# GEOS 505: Problem Set 1

__Instructions__: Complete the two problems below. One is a coding problem, where you will review and comment existing code. Where you are asked to provide descriptive text and answer questions, please do so via well formatted Markdown cells below the problem.  

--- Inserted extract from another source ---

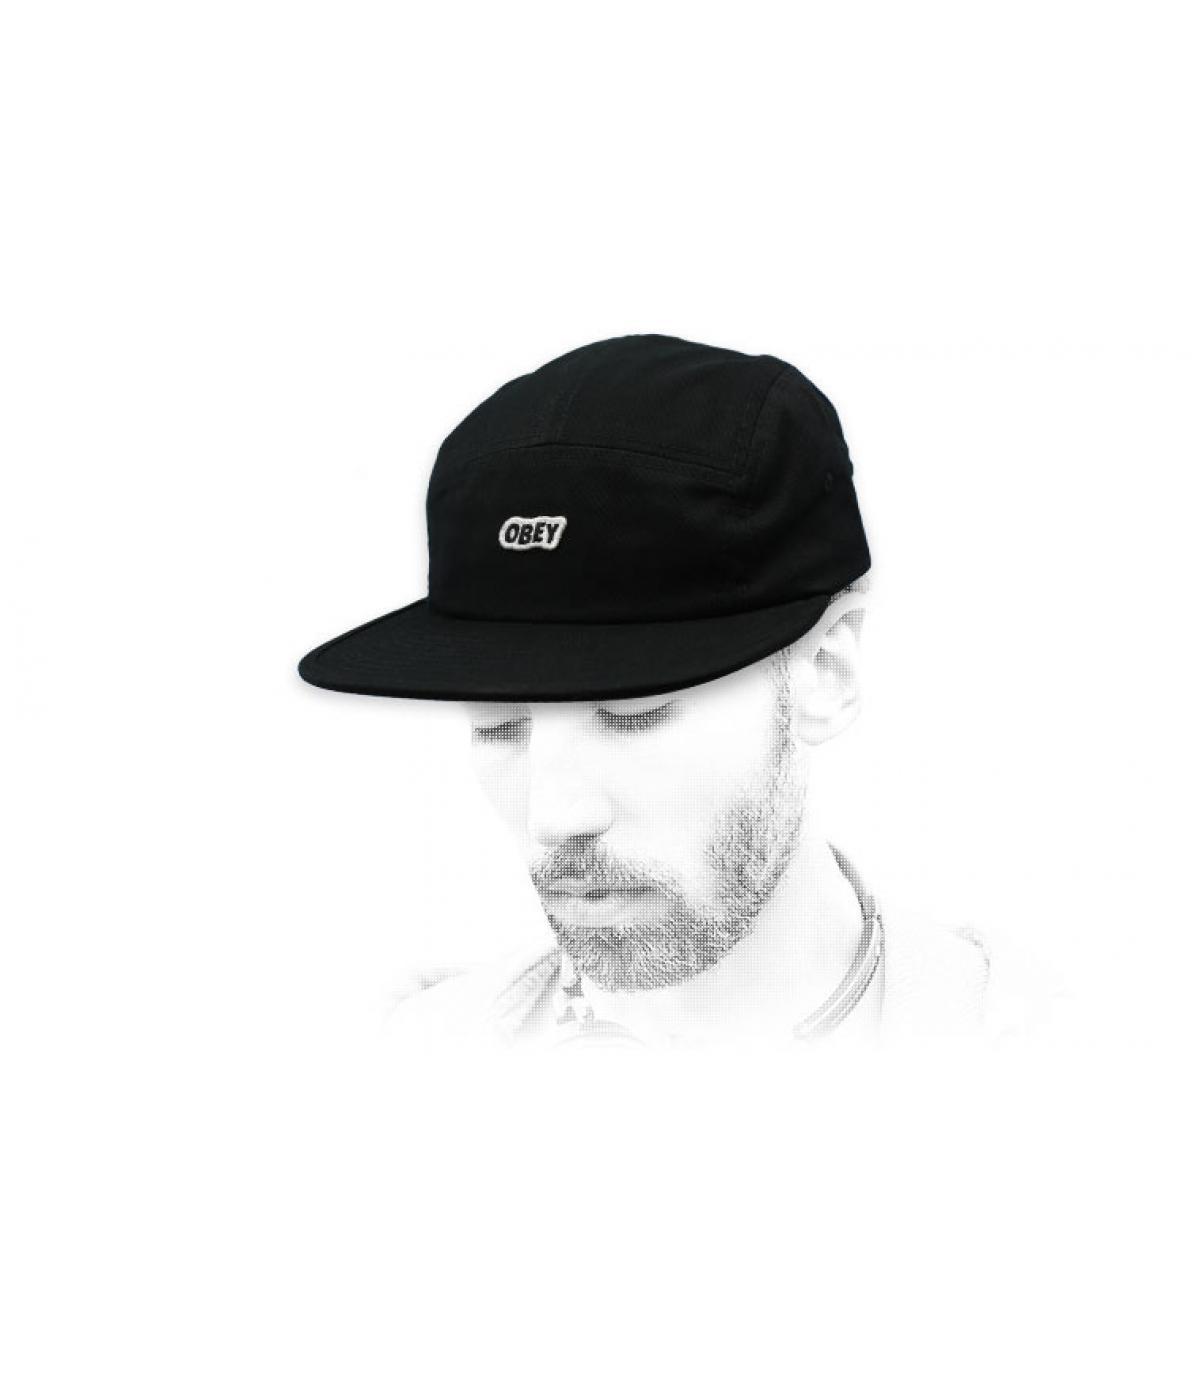 Obey pannello 5 con cappuccio nero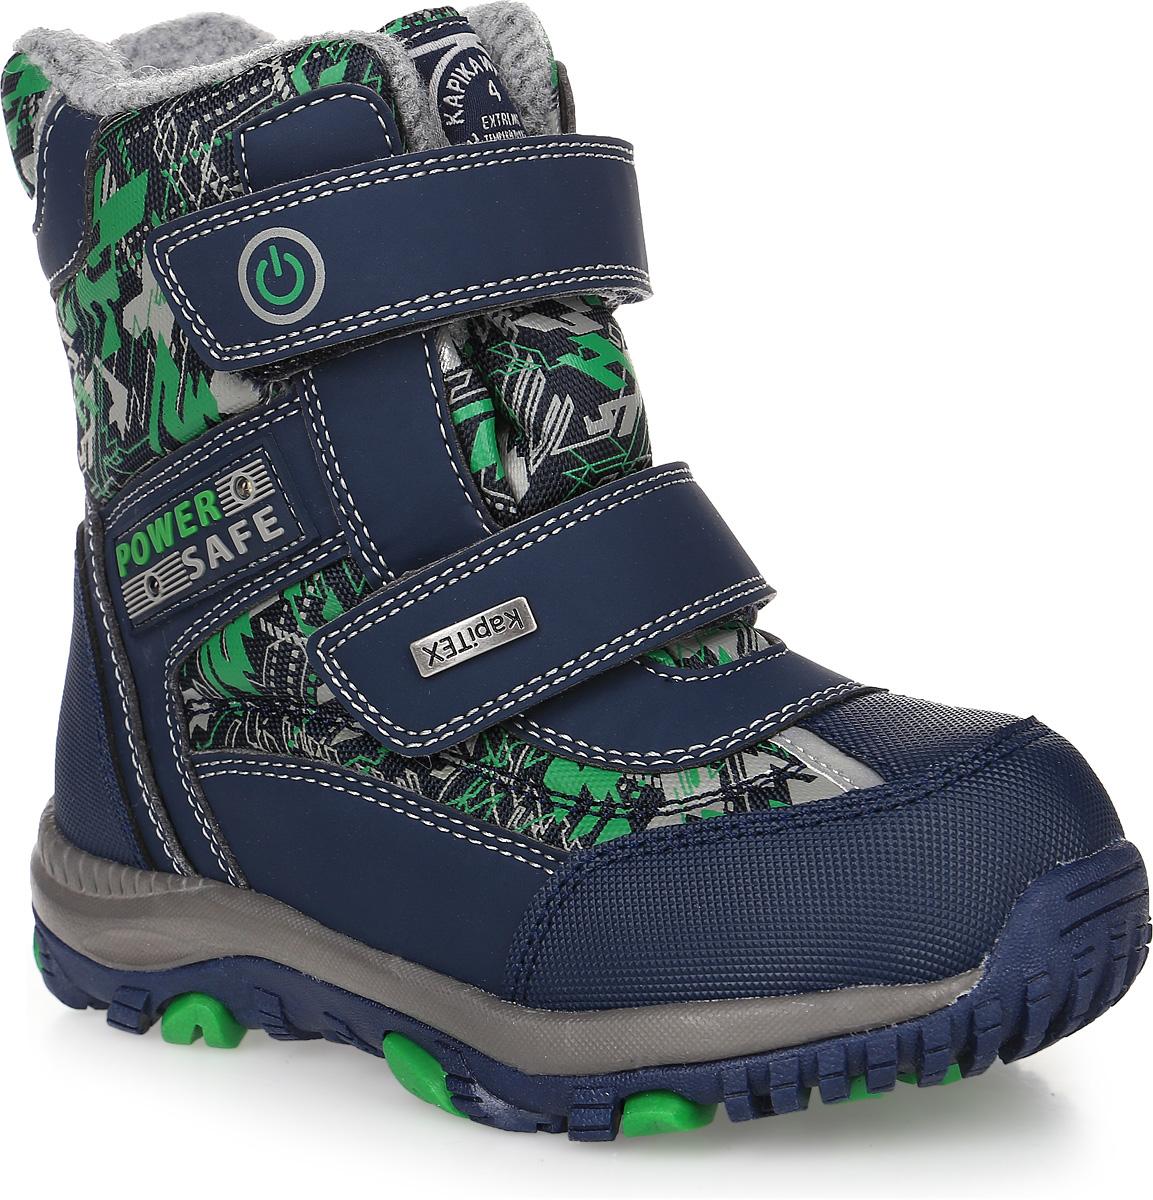 42187-1Ботинки от Kapika придутся по душе вашему мальчику. Модель идеально подходит для зимы, сохраняет комфортный микроклимат в обуви как при ношении на улице, так и в помещении. Верх обуви изготовлен из искусственной кожи со вставками из водонепроницаемого текстиля, оформленного абстрактным принтом, боковая сторона, язычок и верхний ремешок оформлены фирменным логотипом бренда. Два ремешка на застежке-липучке надежно зафиксируют изделие на ноге. Подкладка и стелька изготовлены из шерсти, что позволяет сохранить тепло и гарантирует уют ногам. Подошва с рифлением обеспечивает идеальное сцепление с любыми поверхностями. Такие чудесные ботинки займут достойное место в гардеробе вашего ребенка.

__Due Date and Time__: September 19, 2025 at 5:00 PM MT

__Turn In Via__: Commit and push your complete notebook to your personal GitHub repository for the class, and submit the URL for notebook via Canvas. 

## Problem 1

### 1. Problem Background:

As a new graduate student, your research is examining the performance of 5-day precipitation forecasts at a number of Snotel sites in the Upper Boise River Basin. The forecasts are generated by a research center at a university in the western United States using the [Weather Research and Forecasting](https://www2.mmm.ucar.edu/wrf/users/) model. They run a 360 hr (i.e., 15 day) forecast using WRF every day at the top of every hour for the entire western United States, and puts the output you need on an Amazon Web Services (AWS) S3 bucket that is freely available.  

File pattern:
WRF_fcst_YYYYMMDD_HHz_VVV.nc

Where:
- YYYY is the year of the forecast date
- MM is the month of the forecast date
- DD is the day of the forecast
- HH is the hour the forecast was initiated (0-23)
- VVV is the valid hour of the forecast from the time of initiation in hours (0-360 hr in 3 hr increments). So 000 is the initial hour of the forecast, 003 would be the 3rd hour, 006 the 6th, and so forth.
- 'WRF_fcst_' is the prefix of the file name
- '.nc' is the file extension (this stands for NetCDF file - a real file format)

### 2. Instructions: 

1. Write a function that takes as input the forecast year, month, day, and hour, as well as a maximum valid hour and returns a list of file names that contain the forecast data
2. Test your code for three days (2025-03-01, 2025-04-01, and 2025-05-01), for forecast hour 6, and a maximum valid hour of 120 hours. Print the results of the returned list to the screen and verify manually. 

### 3. Concepts Assessed:

- String handling
- For loops
- Basic functions

In [None]:
import numpy as np
"""
function to provide a list of file names based on inputs.

Inputs:
year = year of forecast date [YYYY]
month = month of forecast date [MM]
day = day of forecast [DD]
hour = hour the forecast was initiated [HH] (0-23)
max_valid_hour = the maximum valid hour of the forecast from the time of initiation [VVV] (0-360 in 3 hour increments)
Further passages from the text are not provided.